March is Women’s History Month, a time to honour women in history who have fought for equal rights
In honour of Women’s History Month 2023, five sets of documents prepared by the Historical Archives of the European Union are currently displayed at the “Purple Corner” just inside the Library entrance.
Four of them contain documents relating to four women named below, who played active roles in women’s rights and women’s emancipation in Western Europe after WW II.
What is truly remarkable is their genuine devotion, full commitment, endless work, immense patience and unselfish courage.
Fausta Deshormes La Valle was a journalist and law graduate, fiercely supportive of the European integration process, and creator of the first European Documentation Centres, now present in more than 400 universities. Founder of the Women's Press and Information Service, and Director, in 1992 she was named honorary member of the European Commission. She can be considered as one of the "Mothers of Europe".
Simone Veil, lawyer, politician and feminist, served as France’s Health Minister between 1974 and 1979. She was then elected President of European Parliament, making her the first President of a directly-elected Parliament and its first female President. She is admired for both her political and personal courage, having survived the Auschwitz-Birkenau concentration camp.

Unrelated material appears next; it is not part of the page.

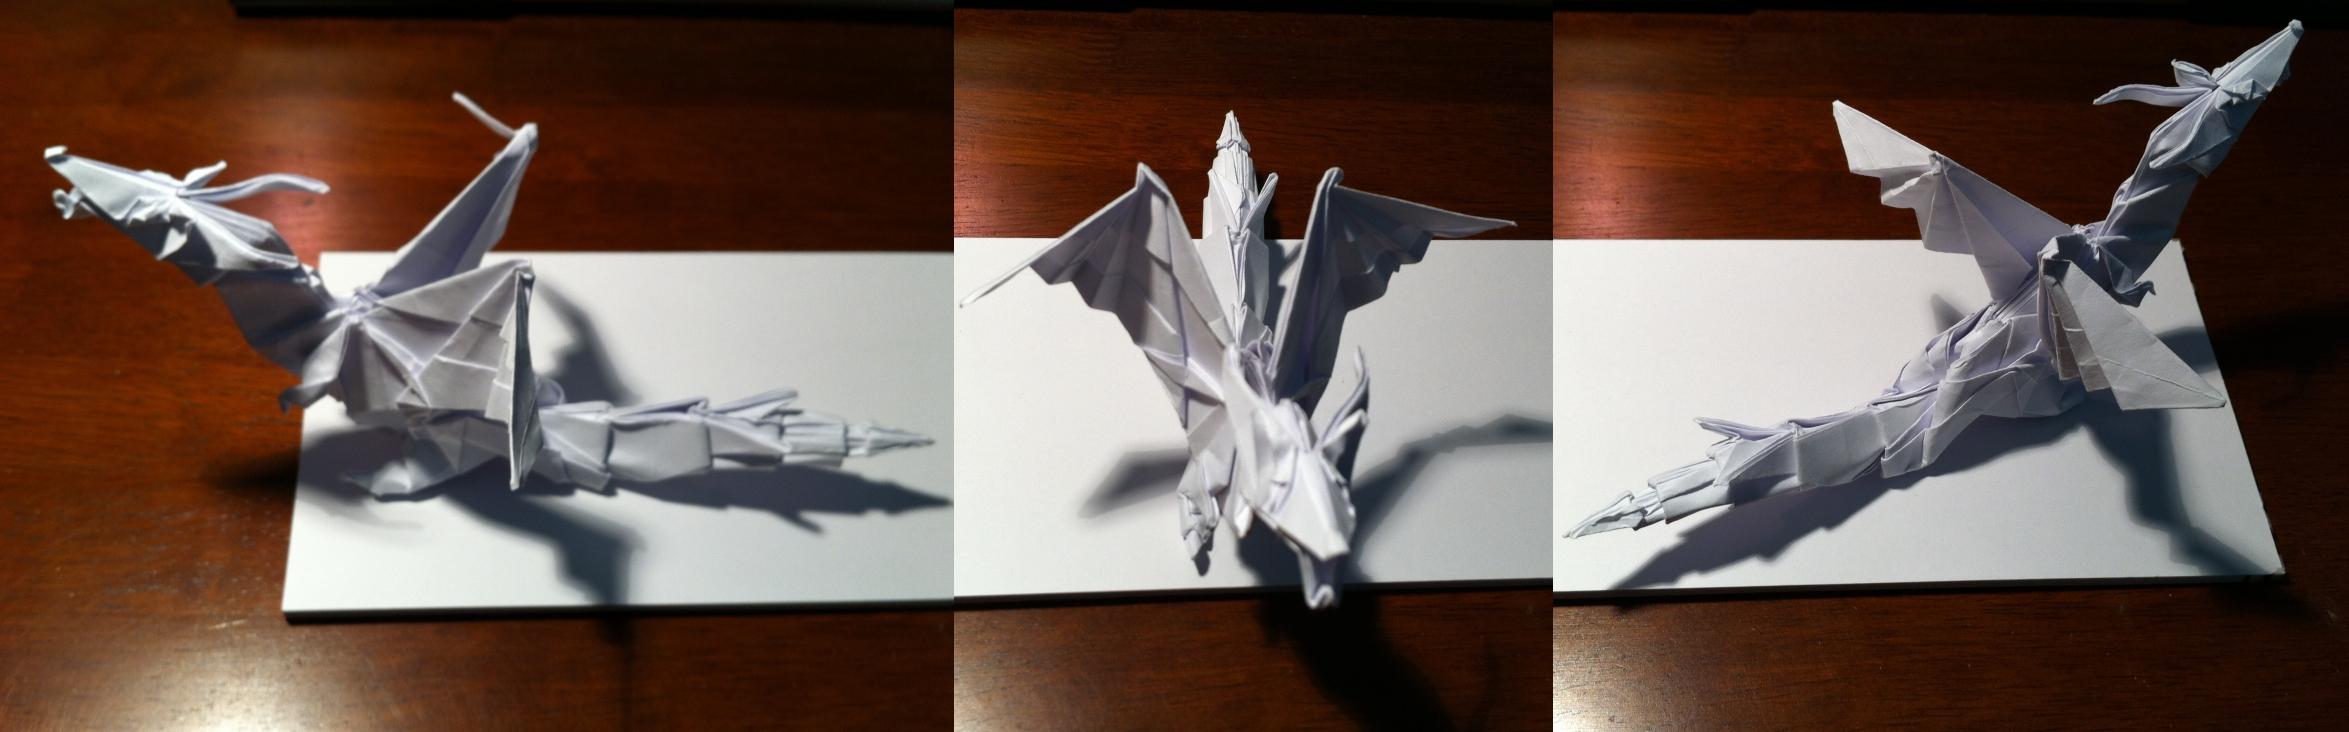 Kade Chan Origami Blog 香港摺紙工作室 (日誌): Fiery Dragon ... | 732x2349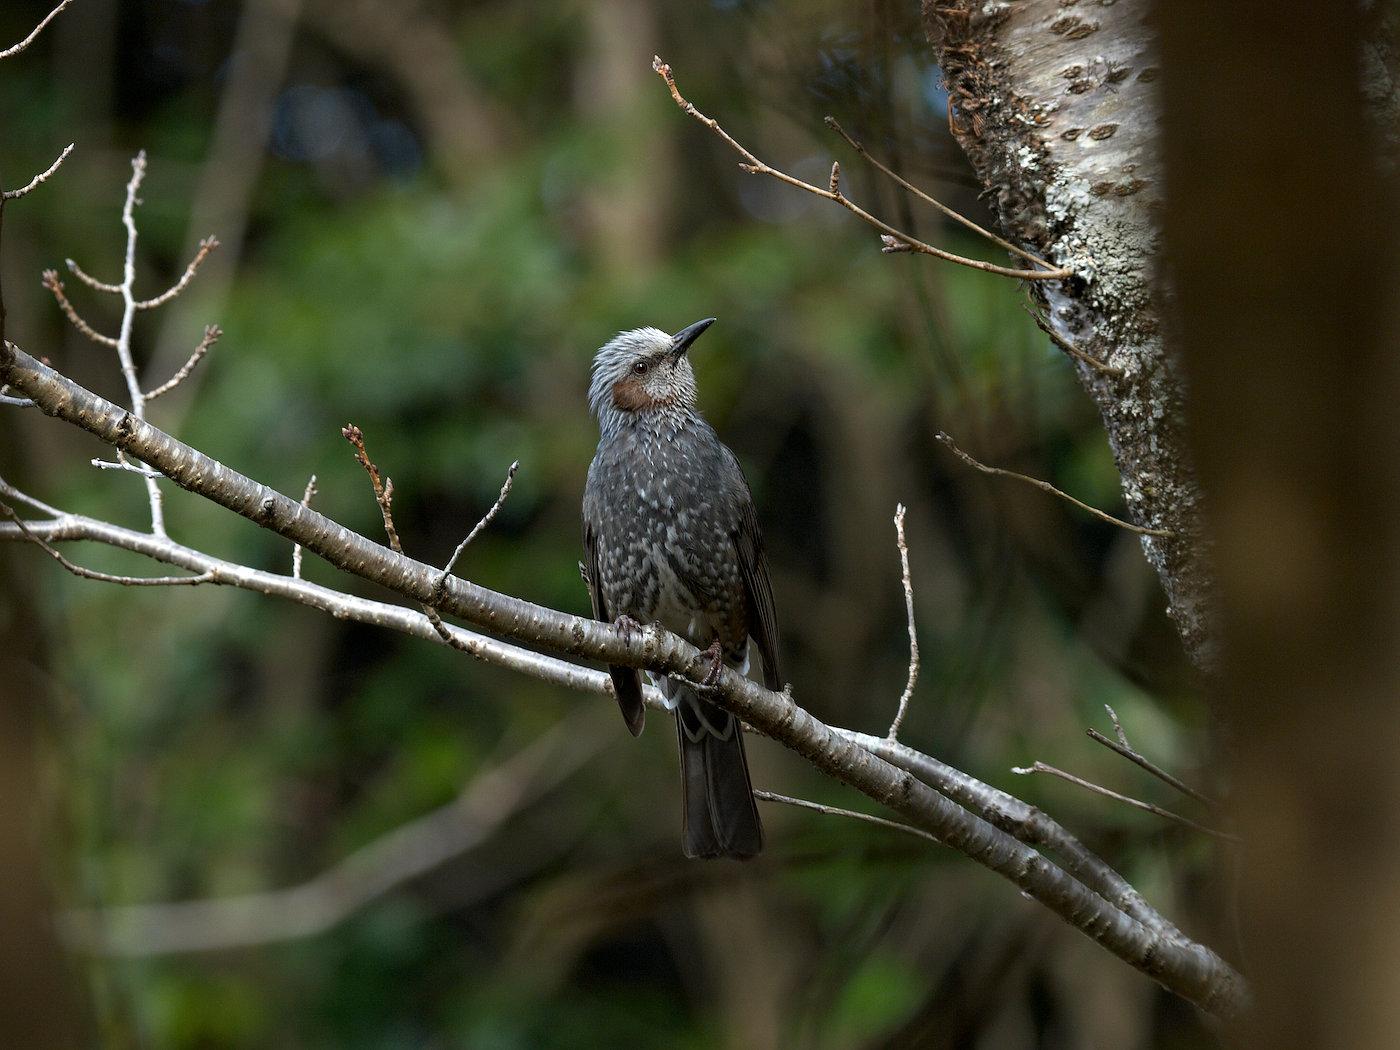 BORG50FLで撮影した野鳥・ヒヨドリの写真画像

Ursula Hirschmann was involved in the anti-fascist movement during WWII, and managed to smuggle entotene Manifesto "for a free and united Europe" into mainland Italy and helped to disseminate it. Co-founder of the Movimento Federalista Europeo in 1943, Hirschmann fled to Switzerland and became involved in organising the first international federalist congress in Paris in 1945. Hirschmann’s political commitment did not end after the Second World War. In 1975, she founded the Femmes pour l’Europe association in Brussels.
Yvonne de Wergifosse was a diplomat, and in 1962 she became Secretary General of the non-governmental organisation, European League for Economic Cooperation; and later President of International Women’s Commission of the European Movement.
The fifth set of documents describe the origins of gender/women studies at the EUI, the people involved and the topics discussed.